**WORK REQUIRED:**
Provide again, from the entries below, every line from the one containing "Pantalón negro corto" through the one containing "Monaco, Monaco - Rolls-Royce", exactly as written, and no other line.

**THE DATA:**
<<<<
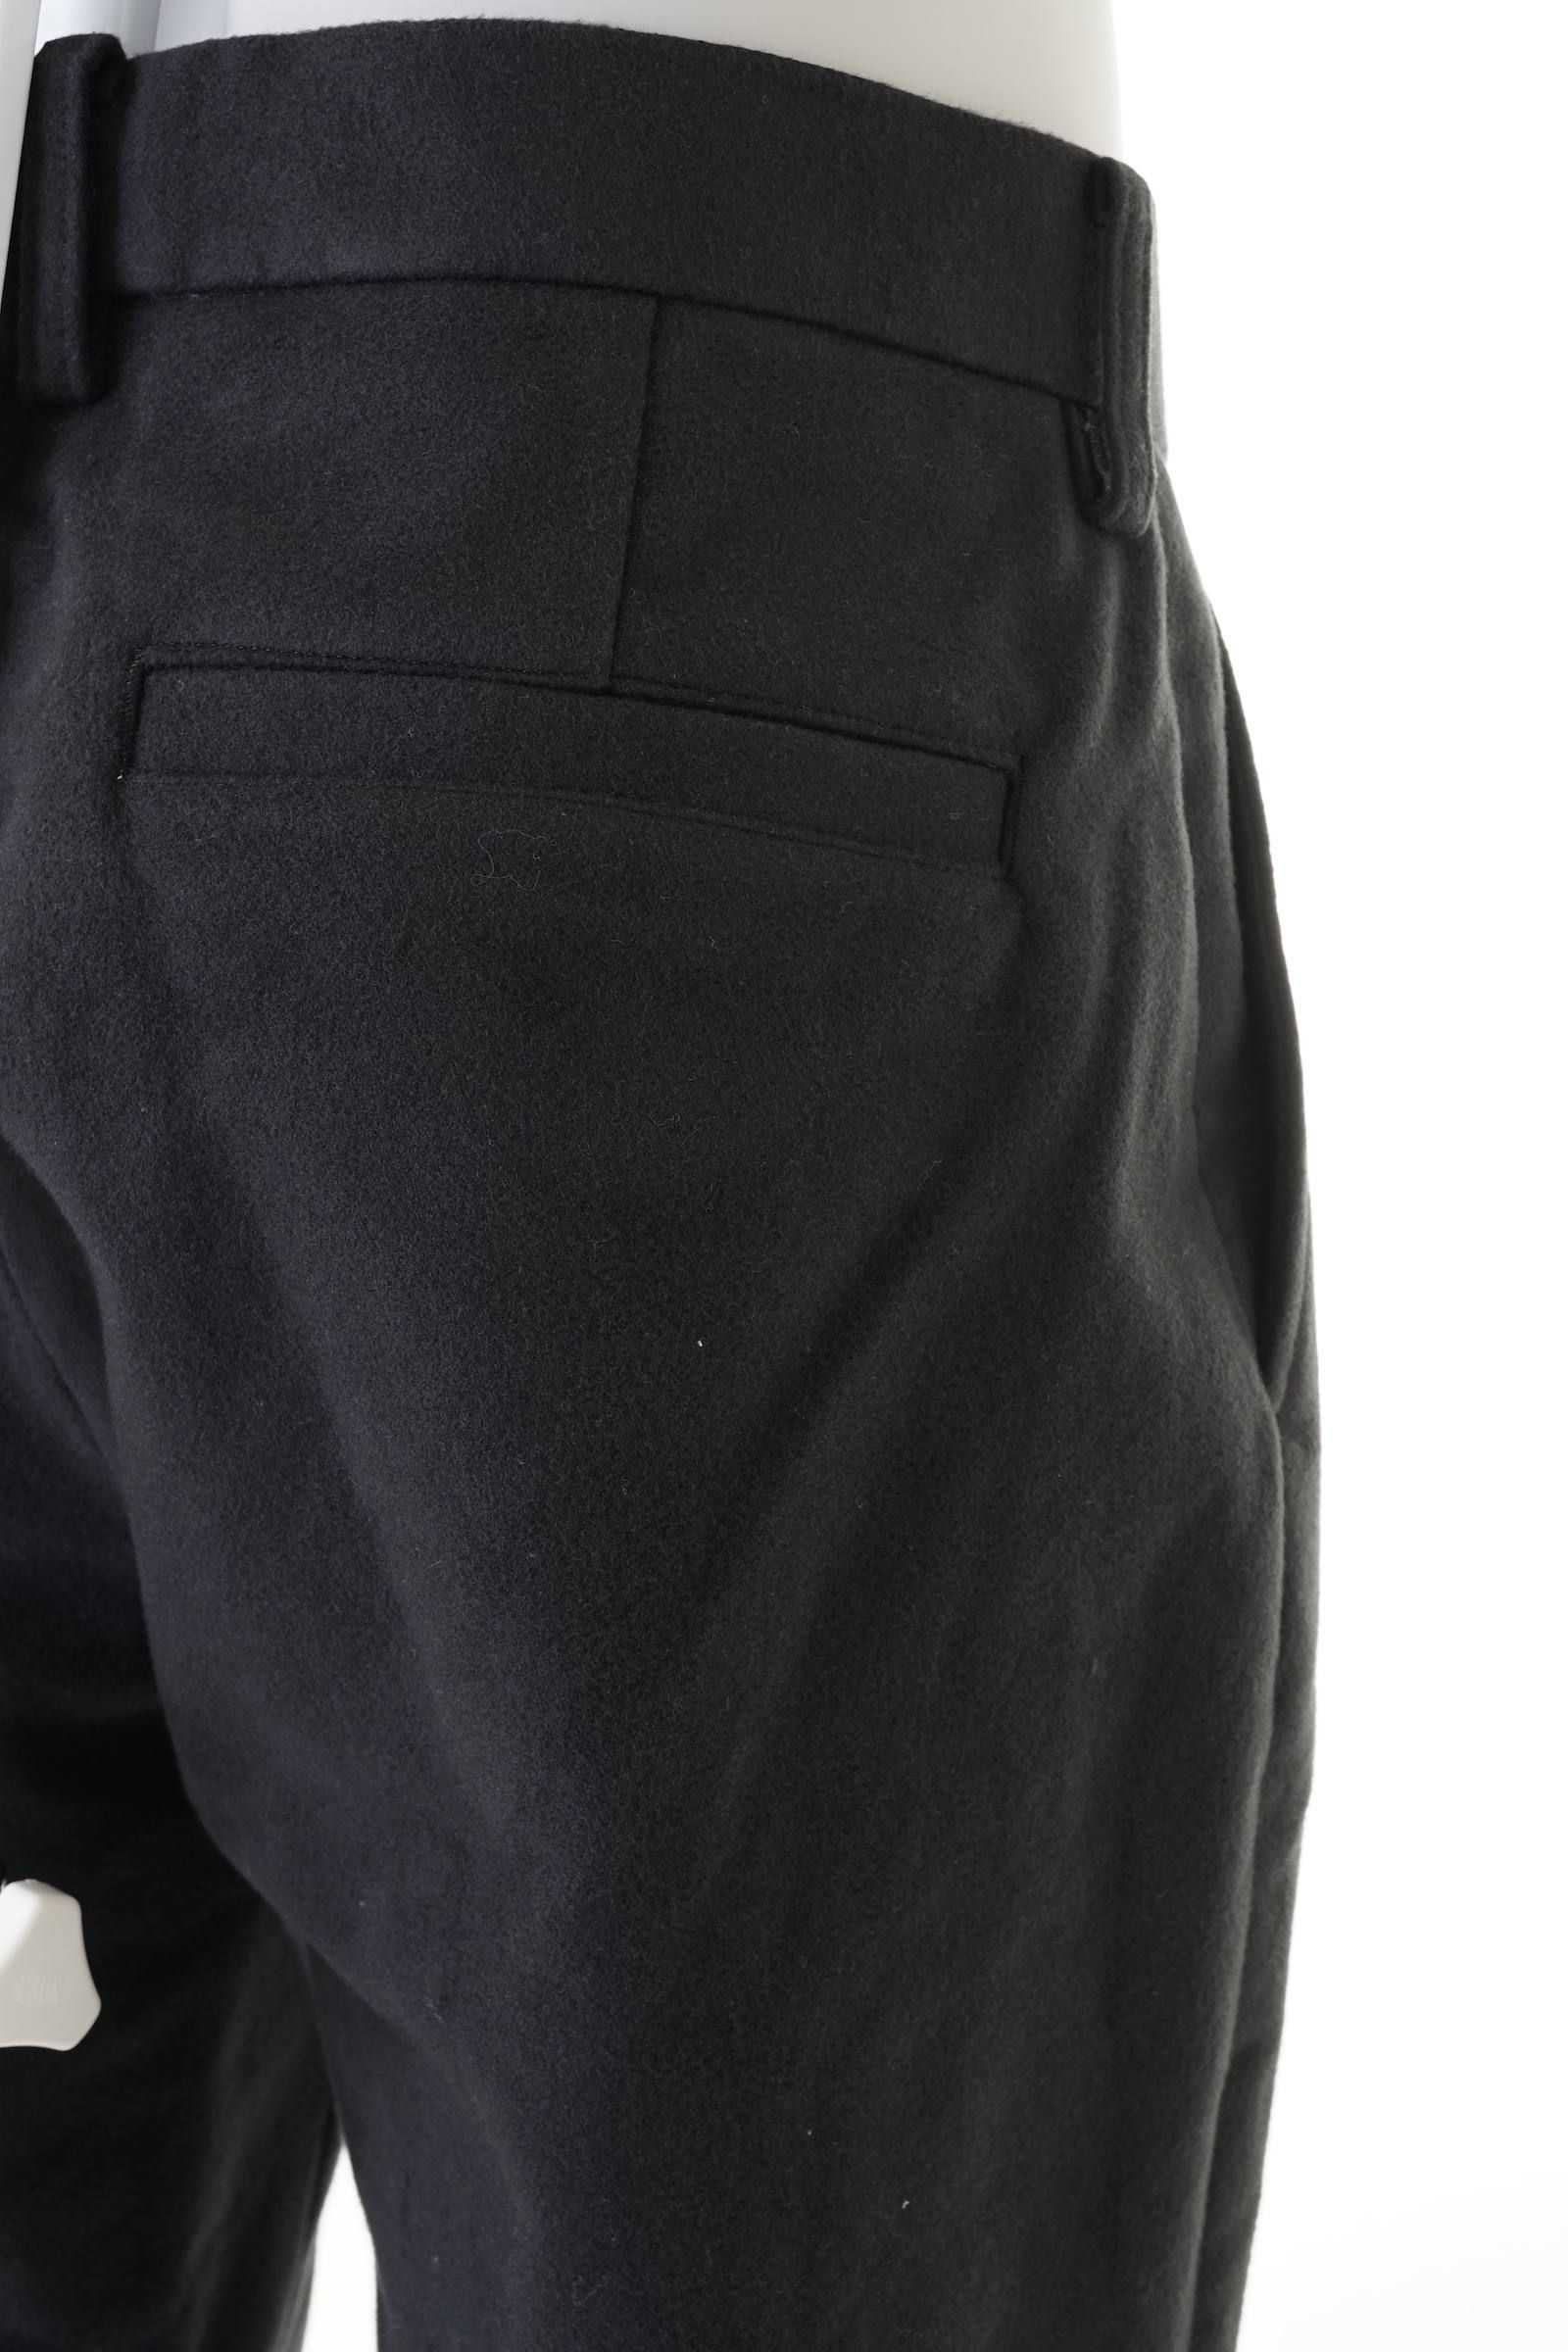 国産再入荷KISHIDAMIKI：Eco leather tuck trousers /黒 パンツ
>>>>
<<<<
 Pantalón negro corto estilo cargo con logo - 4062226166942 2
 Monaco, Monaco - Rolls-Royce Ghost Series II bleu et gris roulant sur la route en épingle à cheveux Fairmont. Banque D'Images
>>>>
**YOUR SOLUTION:**
 Pantalón negro corto estilo cargo con logo - 4062226166942 2
 Monaco, Monaco - Rolls-Royce Ghost Series II bleu et gris roulant sur la route en épingle à cheveux Fairmont. Banque D'Images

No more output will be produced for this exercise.